At the time of a Programme Case Management Board (PCMB) meeting in June 2012 the petitioner had been under the control of the respondents for about three-and-a-half years and had undergone several assessments with various professionals.

It was noted that he had participated in the Adapted Sex Offender Treatment Programme (ASOTP) but struggled because of his cognitive issues and he was referred to a learning disability nurse for assessment using a tool called the Hayes Ability Screening Index (HASI), but the report recorded no concerns and the petitioner was subsequently put on a “Good Lives” course, which is aimed at sex offenders, with a group of other prisoners.

However, it was known that the petitioner had a “significant cognitive impairment” such that he would need a “specialised environment” in order to get the necessary support, as several professionals involved in his care had indicated that he might meet the criteria for learning disability, with one doctor concluding that he did.

It was submitted that as a result of the failings in the management of the petitioner’s case he had been provided with resources that were “unsuited to his particular needs” and therefore had not been afforded an opportunity reasonable in all the circumstances to demonstrate that he no longer represented an unacceptable danger to the public, in breach of the ancillary duty.

Turning to the public law duty counsel submitted that the same circumstances that gave rise to the breach of the ancillary duty could be described as a “failure to make reasonable provision for an individual prisoner so egregious as to satisfy the Wednesbury standard of unreasonableness”.

The primary point made by counsel for the petitioner was that the decision of the Risk Management Team (RMT) meeting in December 2012 to put him on the Good Lives course and what followed thereafter amounted to a failure to provide a reasonable opportunity of rehabilitation.

That decision, it was submitted, was “irrational” as it relied on the HASI assessment and failed to have regard to the whole background knowledge regarding the petitioner’s learning disability.

The respondents’ position in summary was that the focus of the petitioner’s argument was the doctor’s report which concluded that he did have a learning disability and the HASI assessment, but this was a somewhat “selective approach” and taking into account all the circumstances in this case, rather than focusing on selective aspects, the respondents had “complied” with their duties.

Refusing the petition, the judge held that the decision made by the RMT did provide a reasonable opportunity of rehabilitation and was a “rational” one.

In a written opinion, Lord Bannatyne said: “I am clearly of the view, that having regard to all of the background material before it, this was a reasonable decision.

“The balance which was struck by the RMT at that time, having considered all the relevant information before it, was one it was entitled to reach.
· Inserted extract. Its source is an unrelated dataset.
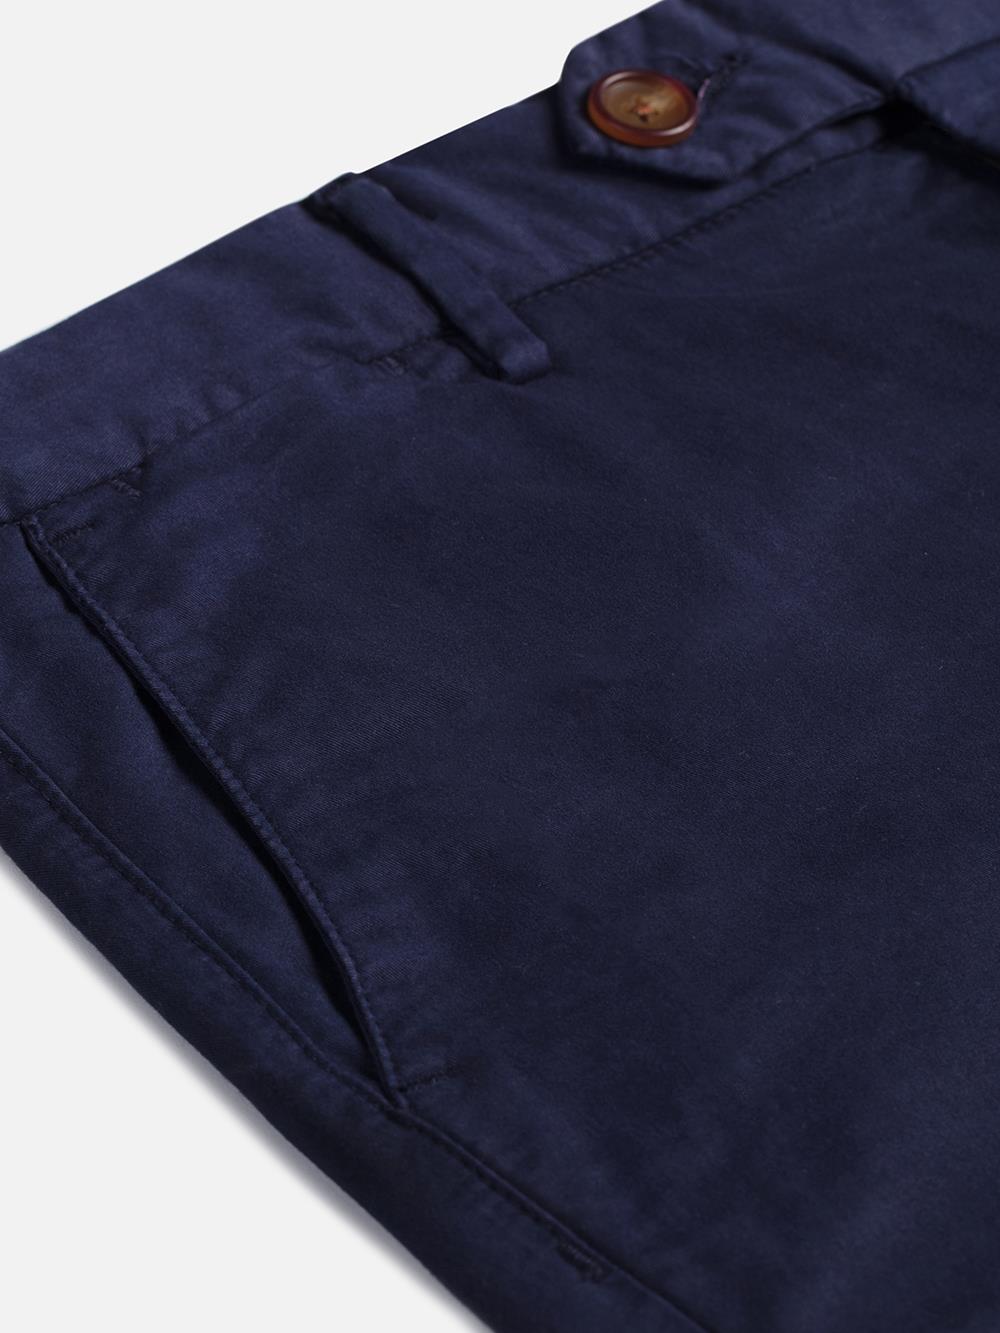 Bermuda-Shorts aus Marine-Baumwolle

By proceeding in the manner which it did at that time the respondents cannot be said to have failed to provide reasonable opportunities to rehabilitate.
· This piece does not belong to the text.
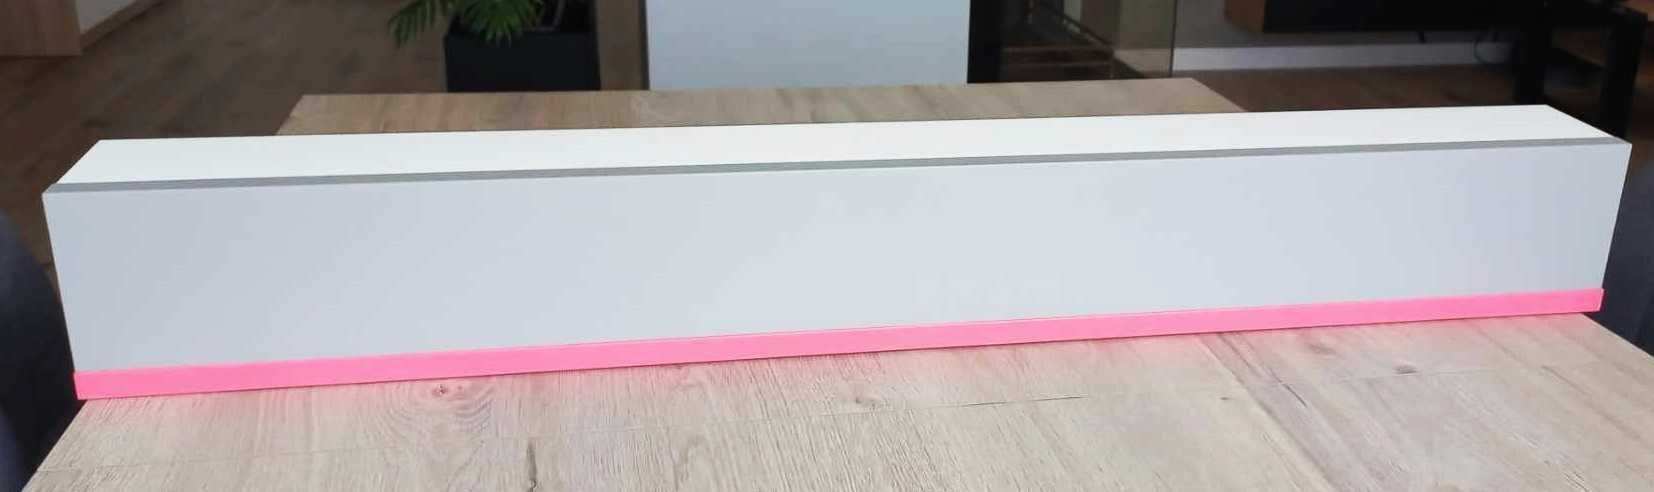 Półka wisząca leżąca biało-różowa długość 92cm

“Thus having regard to the foregoing, overall the respondents sought to reduce the petitioner’s risk by providing him with access to behavioural treatment programmes as and when recommended”.

He added: “Beyond the above I am satisfied that there is merit in the argument advanced by counsel for the respondents that one of the reasons that the petitioner did not get as much out of the Good Lives programmes as he might have done was his failure to engage properly in the programme by failing to disclose sexual thoughts…In assessing the reasonableness of the opportunities for rehabilitation one of the factors that must be taken into account is: the use made of opportunities for rehabilitation.

“In summary: for the reasons I have set out the challenged decision of the RMT was not seriously flawed, that is irrational; the petitioner was throughout offered reasonable opportunities to rehabilitate himself having regard to the whole circumstances of his case; and the respondents therefore complied with the two duties incumbent upon them.”